- Developer: Vanimals
- Publisher: Skystone Games
- Engine: Unity
- Platform: Windows
- Release: WW: December 7, 2023;
- Genre: Survival
- Mode: Single-player

= Undying (video game) =

2023 video game

Undying is a 2023 survival video game developed by Vanimals and published by Skystone Games. Set in a zombie apocalypse, players control a woman who has been bitten by a zombie and must teach her child to survive before she loses her humanity.

== Gameplay ==
Players control Anling, a woman who has been bitten by a zombie. Knowing that her time is limited before she turns into a zombie, she attempts to instruct her 8 year old son Cody to survive on his own in their post-apocalyptic world.
Like many survival games, players must manage Anling and Cody's health, hunger and thirst by searching, cooking and crafting items to survive another day.

Before Cody can be taught skills, players must unlock prerequisites, such as having Anling perform an action a certain number of times beside him. Once Cody's skill trees are unlocked, players can customize his abilities and eventually have him assist Anling with scavenging, cooking, and combat.

As Anling's condition degenerates, players receive feedback in the form of user interface elements and visual changes in her appearance. Each day, players must select a new penalty (in the form of symptoms) that Anling suffers as she progressively loses her humanity. However, she can also gain special perks or "zombie skills", such as the ability to heal damage by eating raw meat. Some symptoms can be cured with certain medicines.

Players also must manage their time efficiently, because when Anling's fatigue raises late at night, she will enter in a "weak state", leaving her unable to do any action, and where her chances of turning increases. To avoid that, she must rest before that happens. As time passes, Anling's infection will reach a "decline stage", that is a permanent effect that offers a heavy advantage and disadvantage to her status.

Besides Anling's health, players must manage Cody's stress levels, which can impact how well he learns. One way to manage this is to pass time with him at home by reading comics, playing videogames or play music. Some books can boost Cody's skills by answering correct answers. If Cody survives long enough, he can investigate a rescue mission that will lead him to safety.

An optional survival mode challenges players to survive as long as they can against overwhelming numbers of zombies. There is also a story mode that excises the survival elements to focus on the story.

== Plot ==
After 4 months since the start of a zombie outbreak, Anling-Chan Monroe and her son Cody are being evacuated in an improvised military camp in a subway station, when suddenly the roof collapses, blocks the exit and a zombie horde attacks the camp. In the altercation, Anling gets bit in the arm by a zombie while protecting Cody and the duo barely manages to escape to find a car that gets them home.

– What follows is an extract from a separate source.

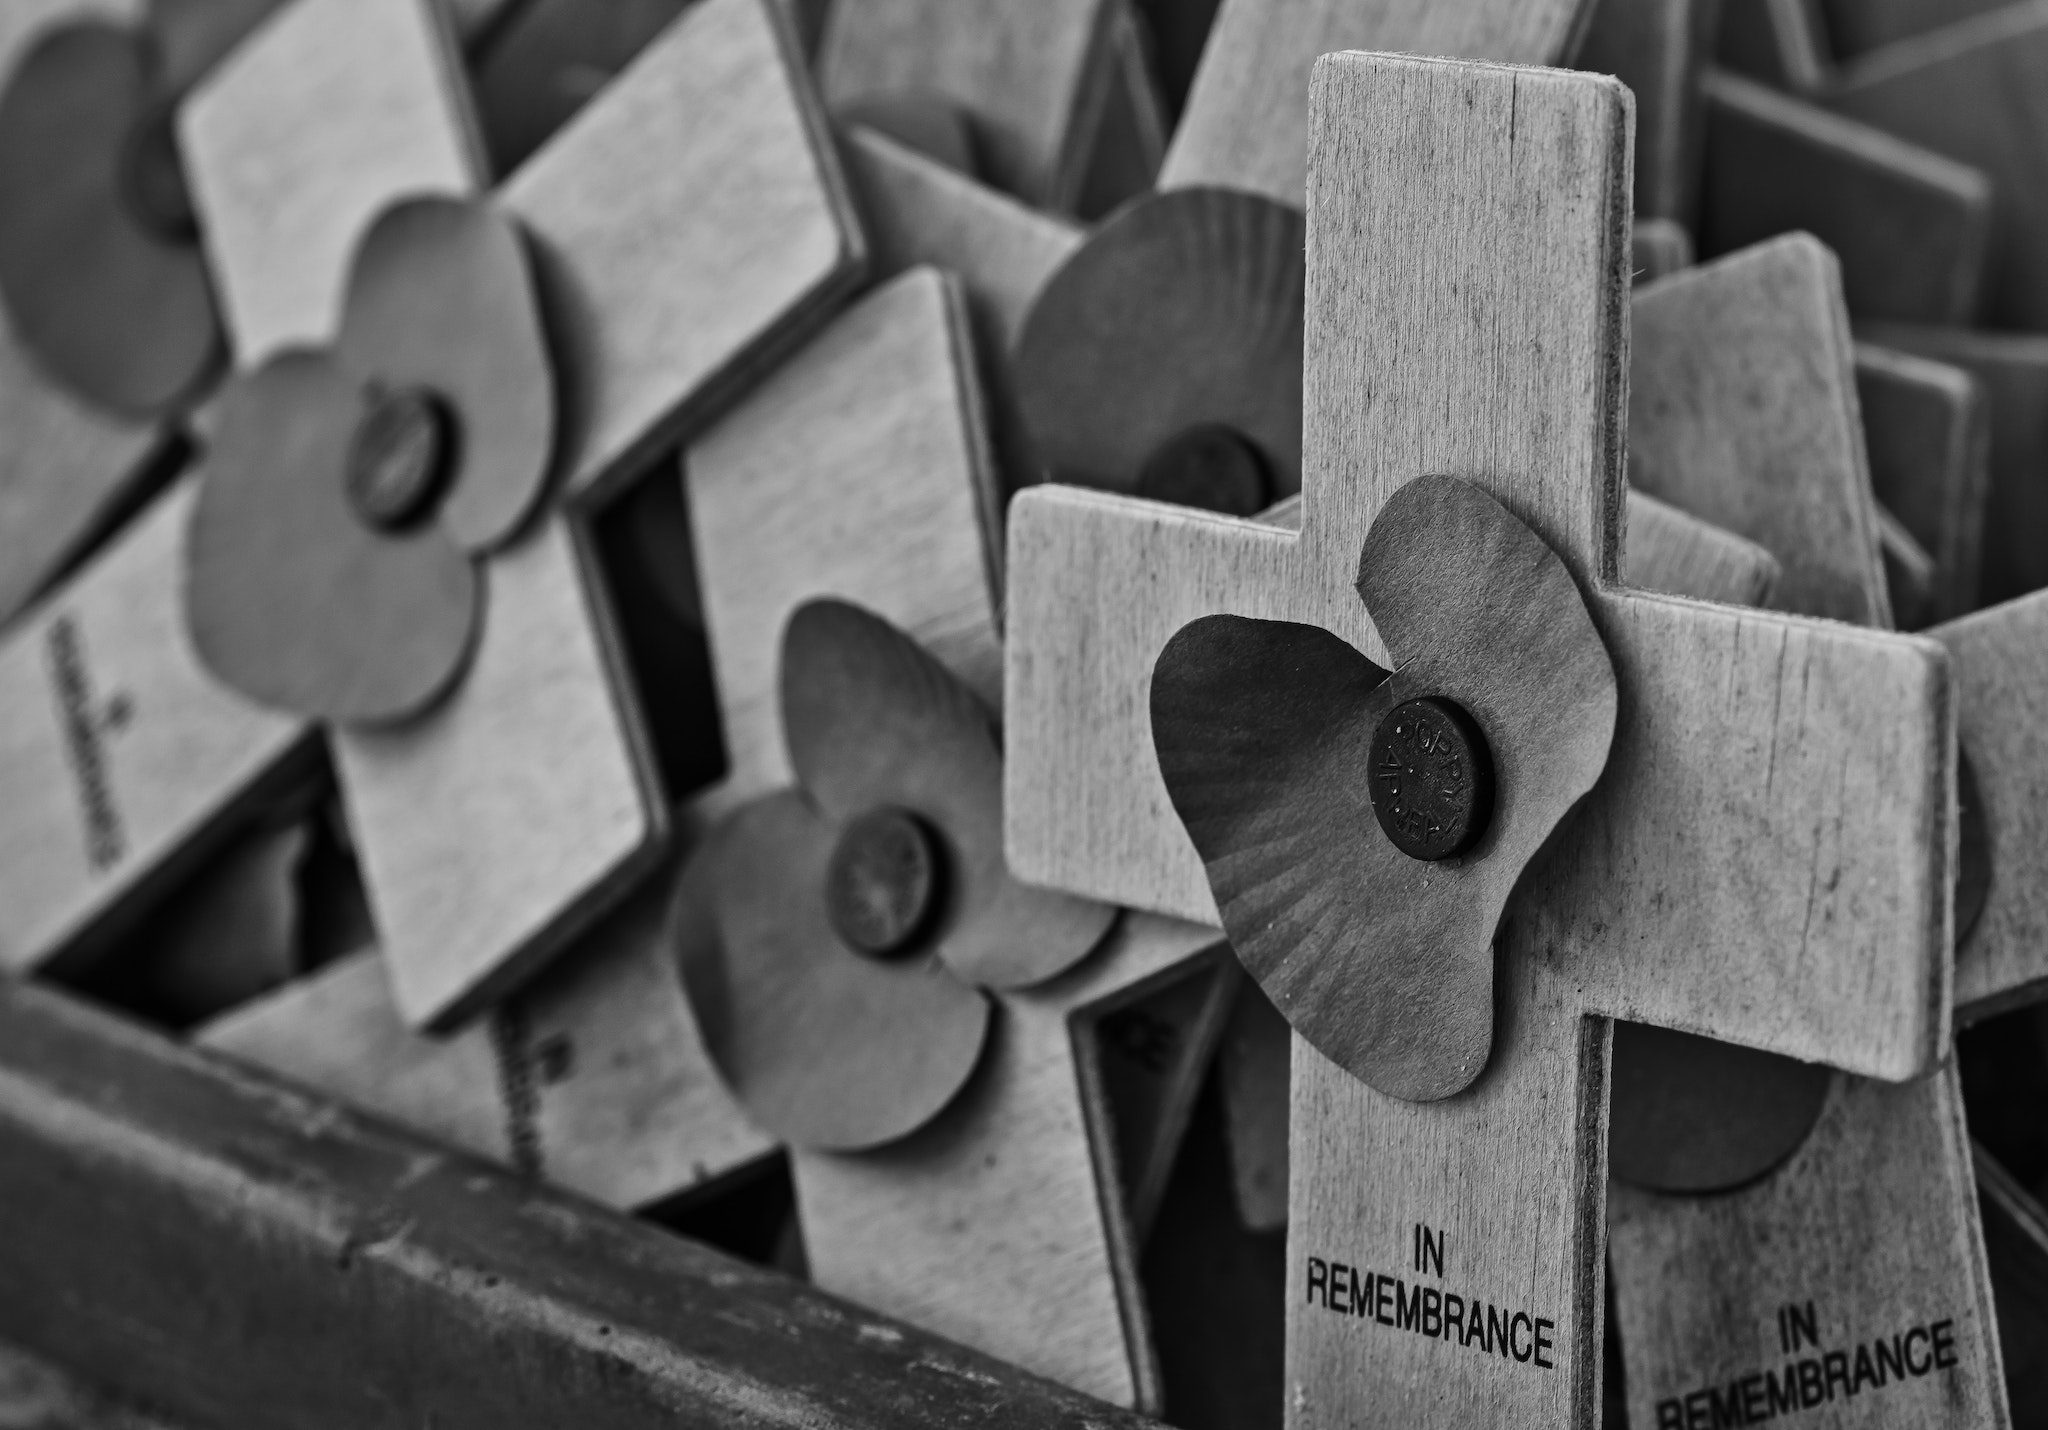 World War I class activity ideas for Remembrance Day

After fortifying the windows from a zombie group and waiting upstairs, mother and son decide to scavenge their house and their neighborhood for supplies and something to open their locked back door. After finding a lockpick, they met their neighbor Mary, whose parents left to find supplies (They can give her some water in exchange for some seeds). After unlocking the back door and killing a zombie trapped in a bear trap, Anling decides to teach Cody to defend himself with a slingshot, practicing with the target in their backyard.

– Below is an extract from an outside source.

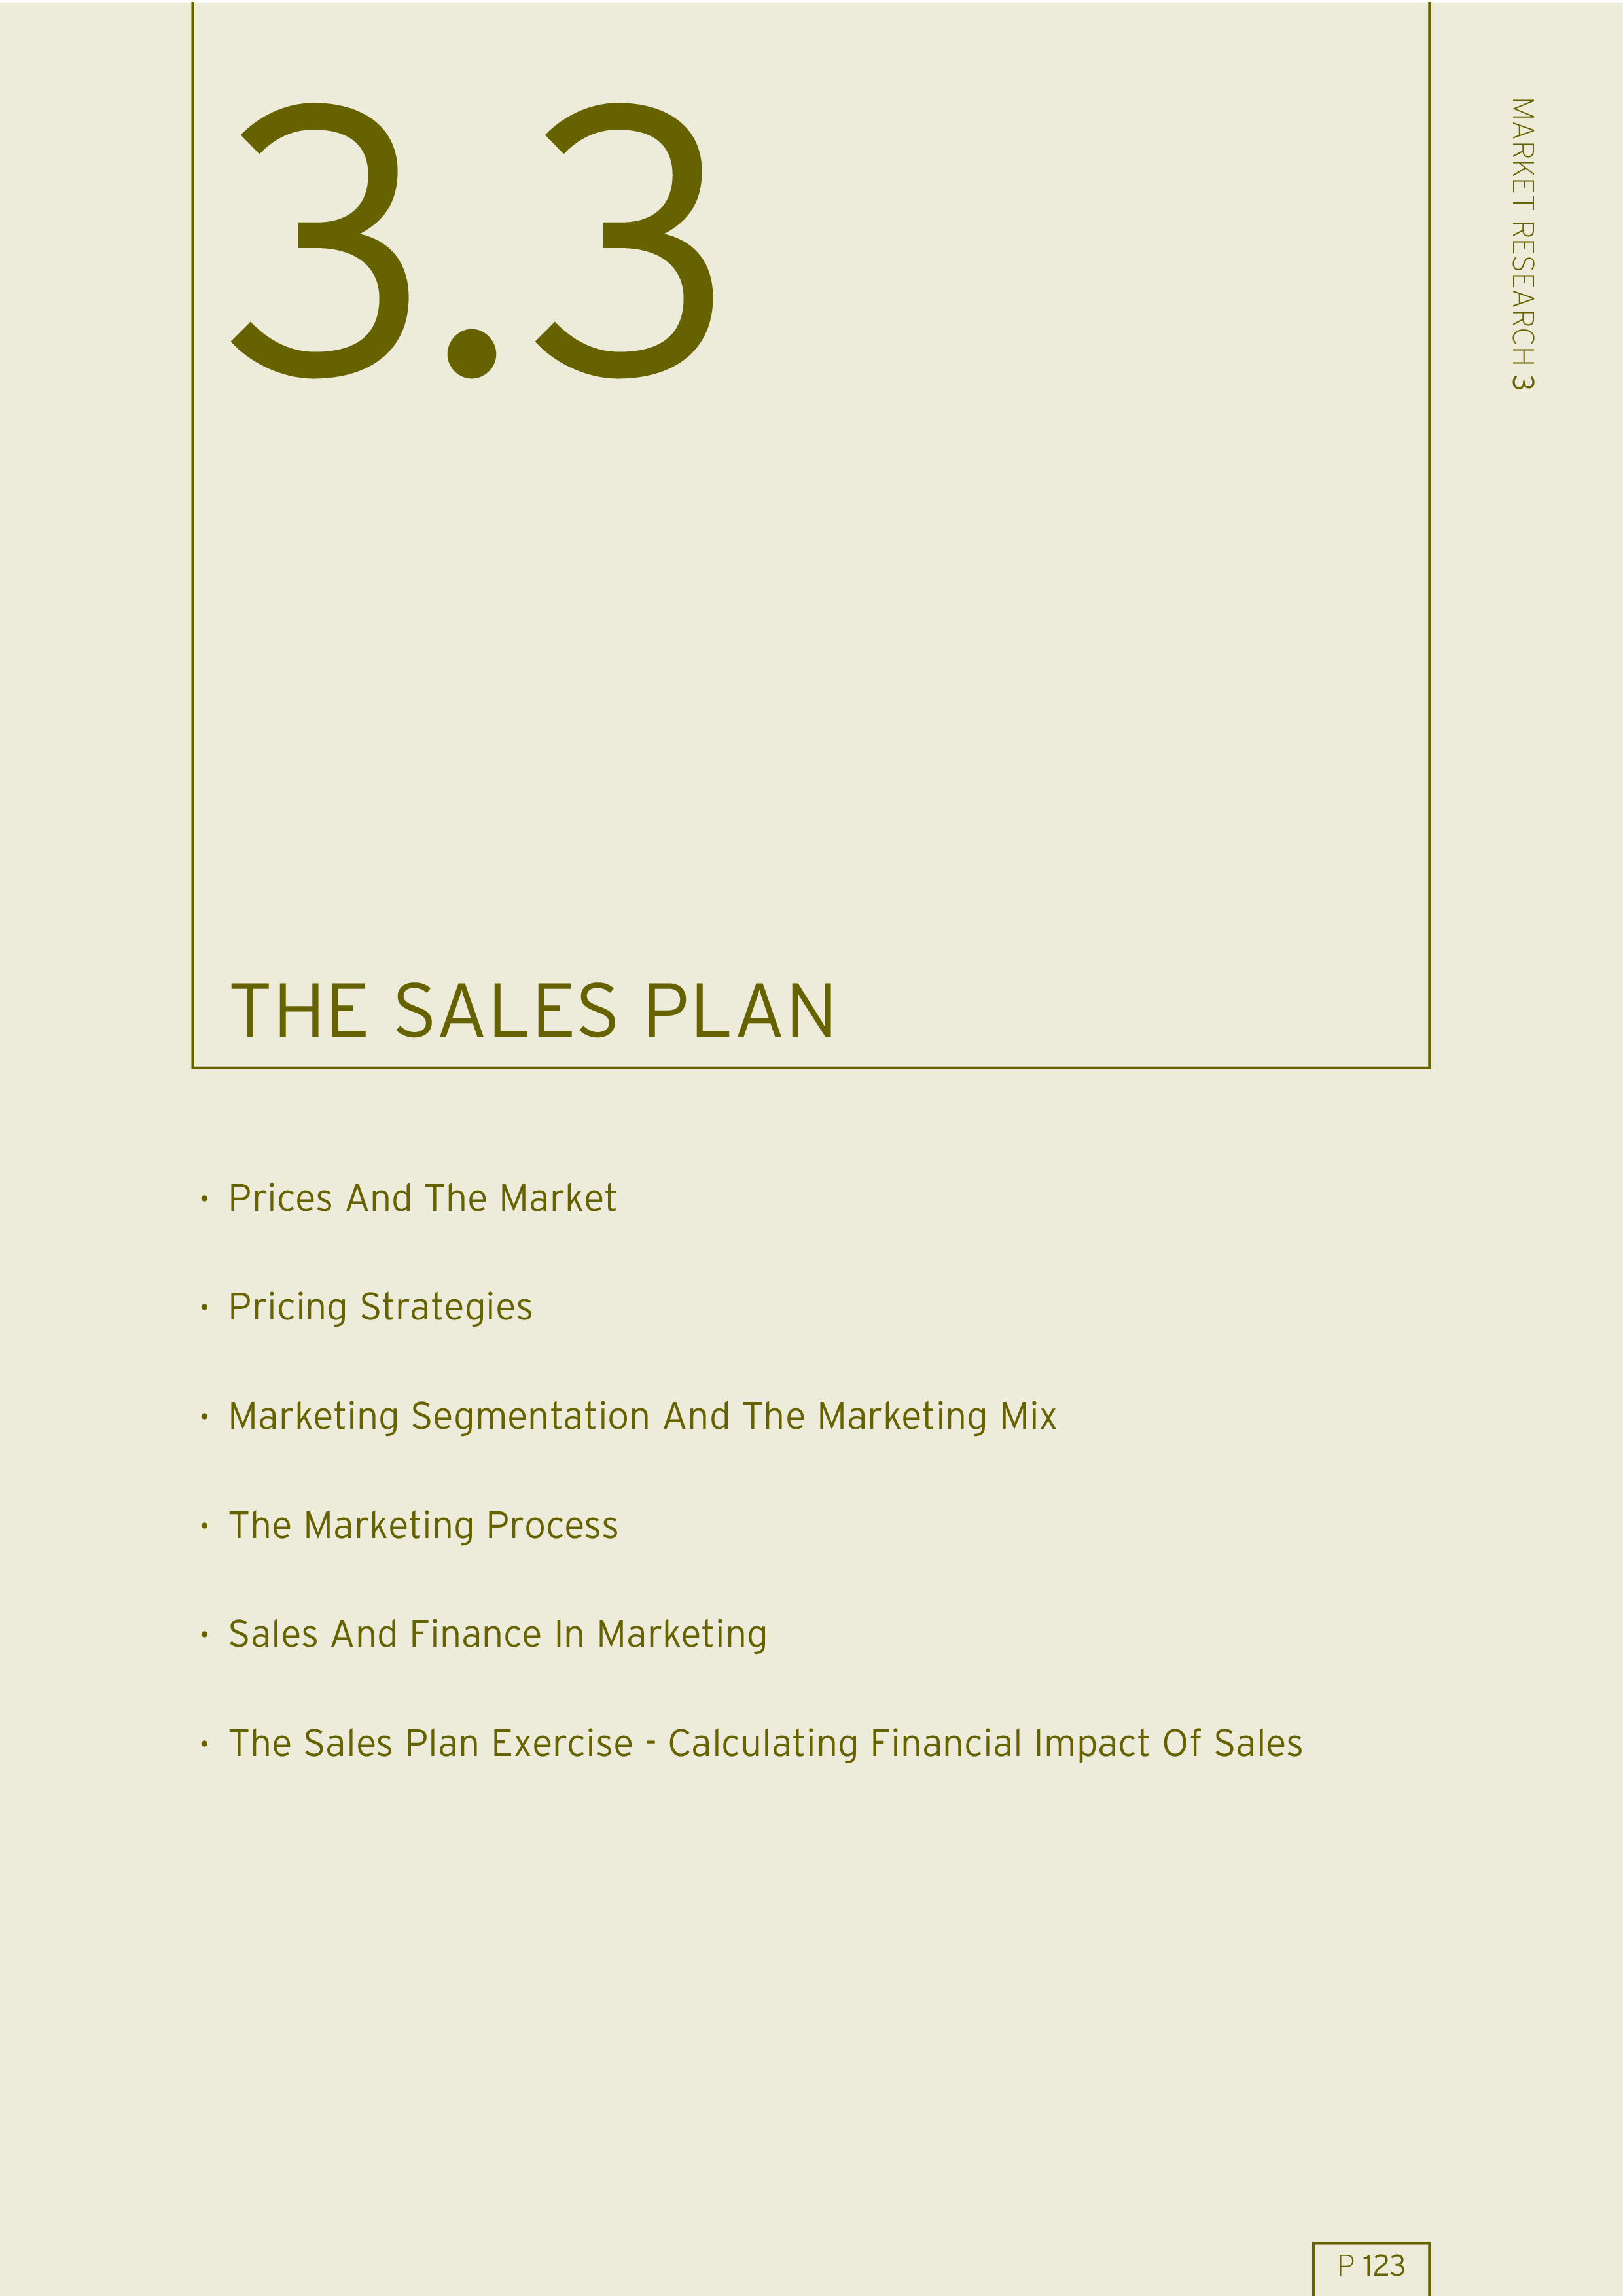 Monthly Sales Plan Format main image

Later, Cody turns on the TV, but it only shows static. They decide to go to uncle John's farm to get a circuit board to fix it.

After barely fixing the TV, the duo learns of a last evacuation plan taking place in 56 days, but they can't get much information except of contacting an "Officer Willy" in a prison. Anling decides to use the remaining days to scavenge for more supplies and find survivors to get information about the evacuation to get her son to safety. She decides to search in a supermarket and the subway station they escaped previously.

== Development ==
Developer Vanimals is based in Beijing, China. The game arose from the studio's desire to "create a survival game with an emotional core" and do something different than traditional zombie games. The initial concept involved a wounded woman who searches for her missing child. They came to see this as "too lonely" and added Cody to the start of the game. Inspired by The Walking Dead, they had Anling become progressively sicker instead of instantly turning into a zombie once bitten. They reasoned that this also allowed them to spend more time telling the story. The gameplay elements of Anglin's progressive deterioration came from David Brevik, co-founder of Skystone Games. Because the art is minimalist and the characters don't have faces, Vanimals depended in part on the soundtrack to cue emotional responses and alert players to characters' emotional states.

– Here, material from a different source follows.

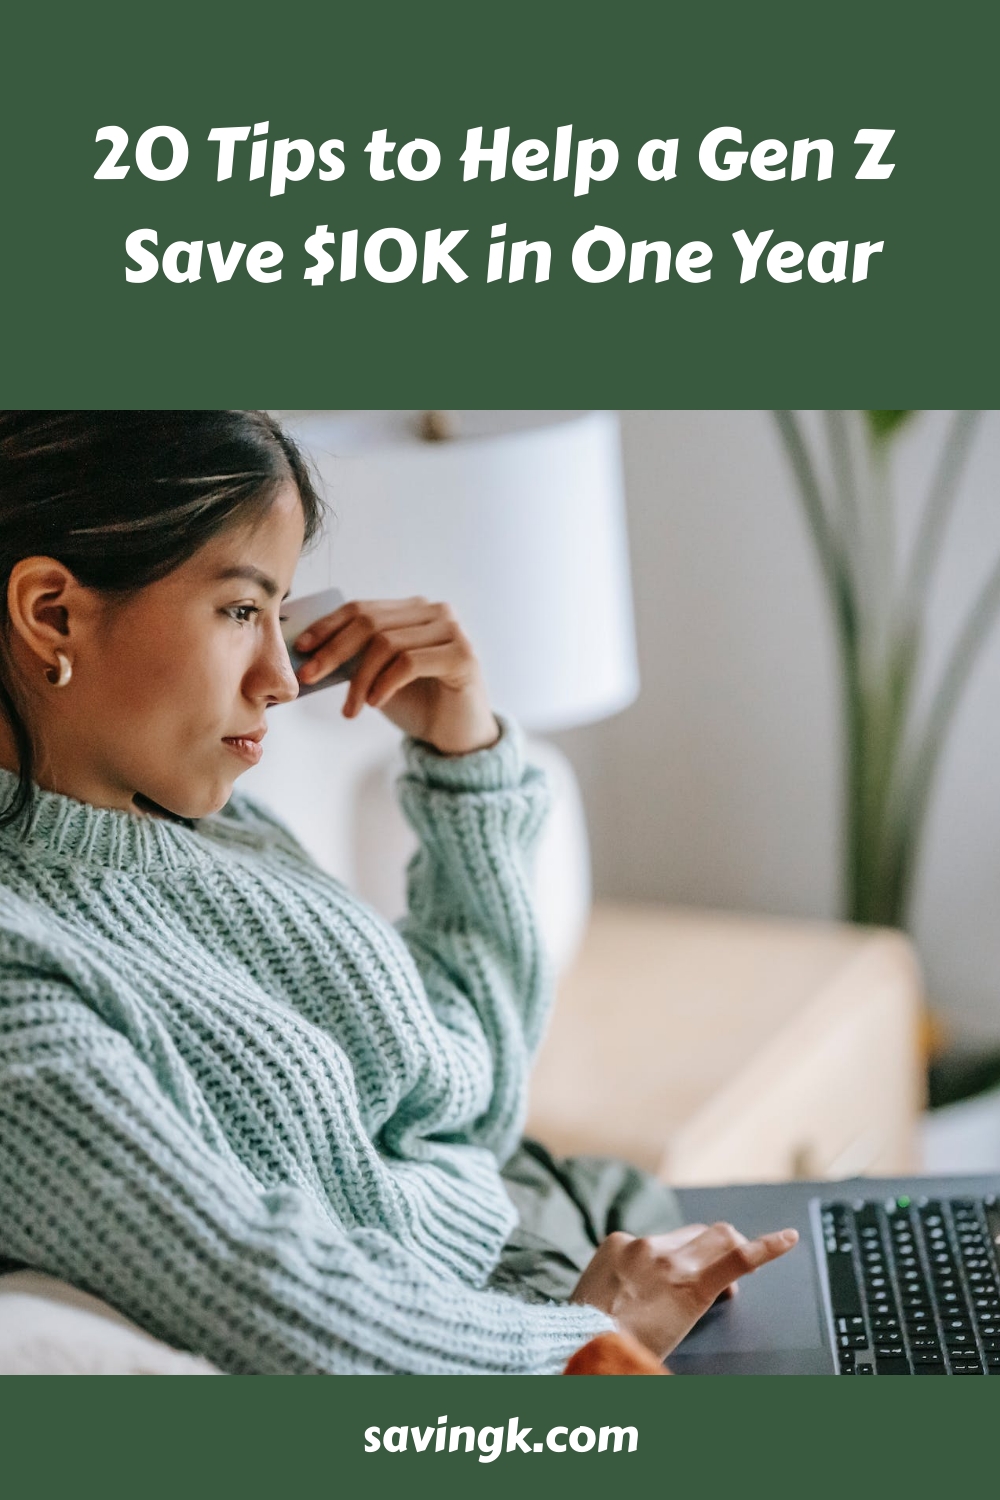 These Tips Can Help a Gen Z Save $10K in One Year

Undying entered early access in October 2021. Survival mode was added in November 2021, along with tweaks to how zombies spawn. An update in April 2022 gave players increased influence over Cody's behavior, expanded the skill trees, and added combos to melee combat. Undying is one of Skystone Games' first published games. They released the Windows version on December 7, 2023. Ports to other platforms are expected in 2024.

== Reception ==
Undying received mixed reviews on Metacritic. Dread Central, who reviewed Undying while it was in early access, praised the game's ability to do something new in the crowded zombie genre. Bloody Disgusting reviewed an early build in 2019 and, though they concluded that the gameplay was routine for a survival game, found that the addition of a time limit made Undying much more tense.